- [Exercise materials]

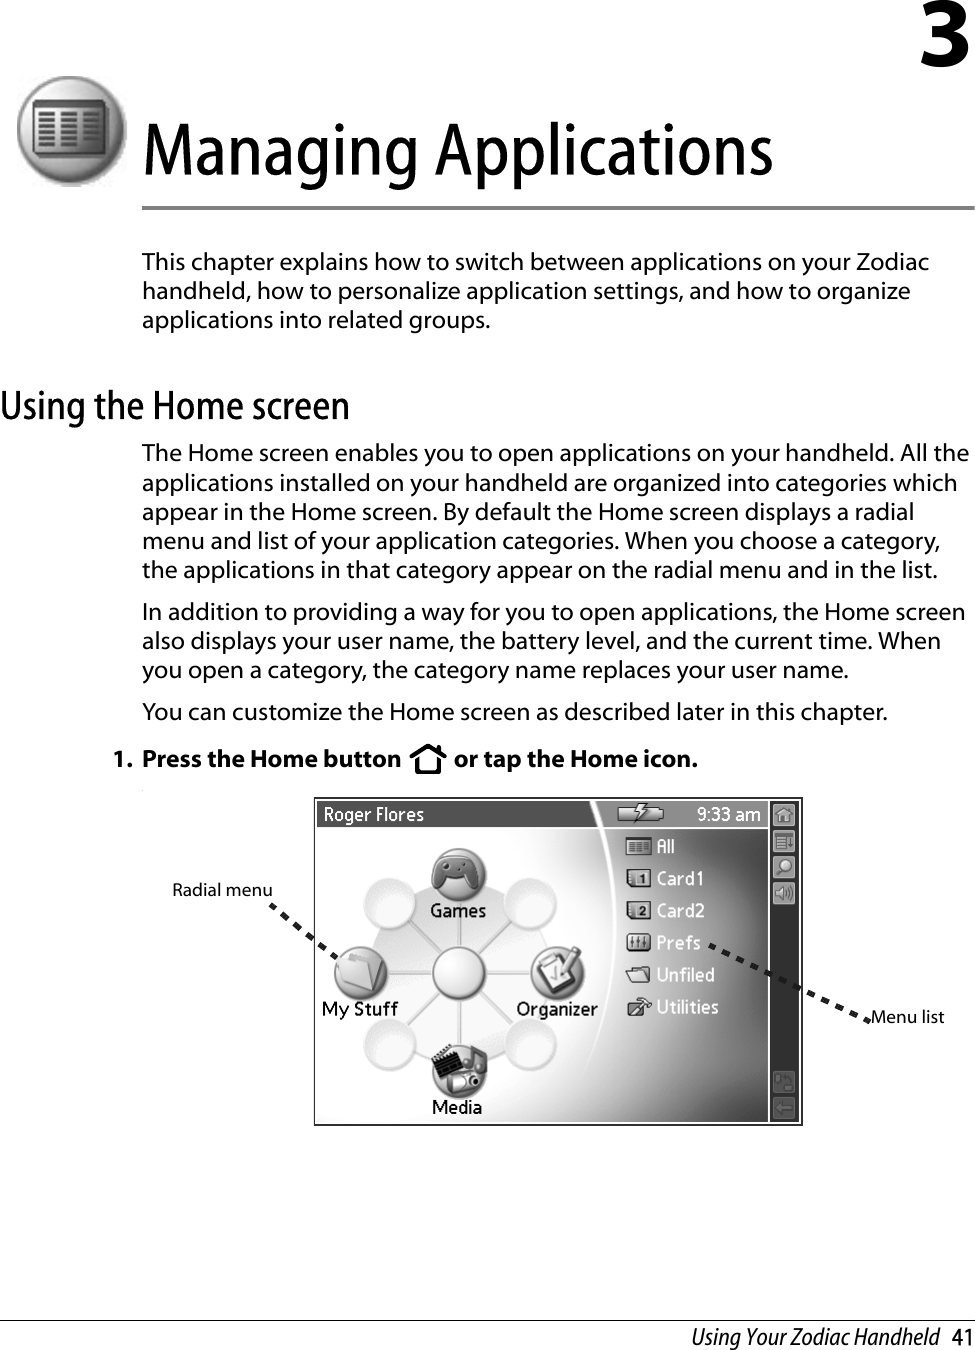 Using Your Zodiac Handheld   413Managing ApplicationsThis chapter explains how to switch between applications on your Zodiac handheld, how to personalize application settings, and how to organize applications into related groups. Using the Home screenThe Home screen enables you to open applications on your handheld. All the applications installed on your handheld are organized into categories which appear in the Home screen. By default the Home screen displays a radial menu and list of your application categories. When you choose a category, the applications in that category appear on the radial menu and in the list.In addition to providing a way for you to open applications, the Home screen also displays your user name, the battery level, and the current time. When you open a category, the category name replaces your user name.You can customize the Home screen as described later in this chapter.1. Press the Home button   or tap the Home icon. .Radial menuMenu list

* * *

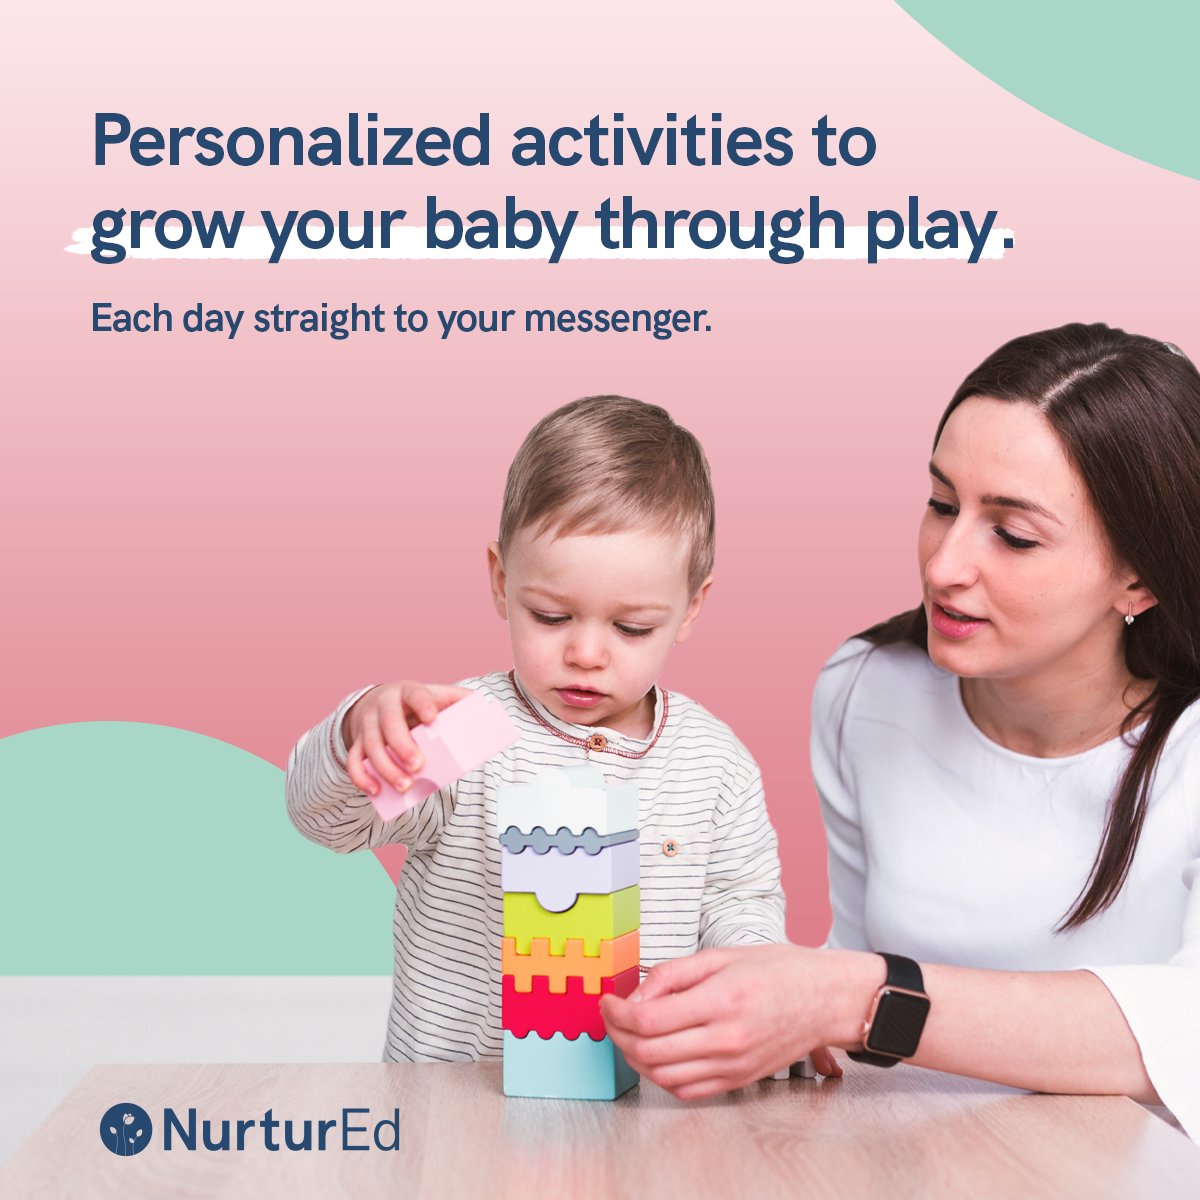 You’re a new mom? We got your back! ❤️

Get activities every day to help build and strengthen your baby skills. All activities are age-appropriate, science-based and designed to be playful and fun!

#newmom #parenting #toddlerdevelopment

- [What to produce]
Looking at the listing above, which lines run from the one containing "You’re a new mom? We got your back! ❤️" through the one containing "#newmom #parenting #toddlerdevelopment"? Print exactly those, ends included, pictures excluded.

- [Output for this task]
 You’re a new mom? We got your back! ❤️

Get activities every day to help build and strengthen your baby skills. All activities are age-appropriate, science-based and designed to be playful and fun!

#newmom #parenting #toddlerdevelopment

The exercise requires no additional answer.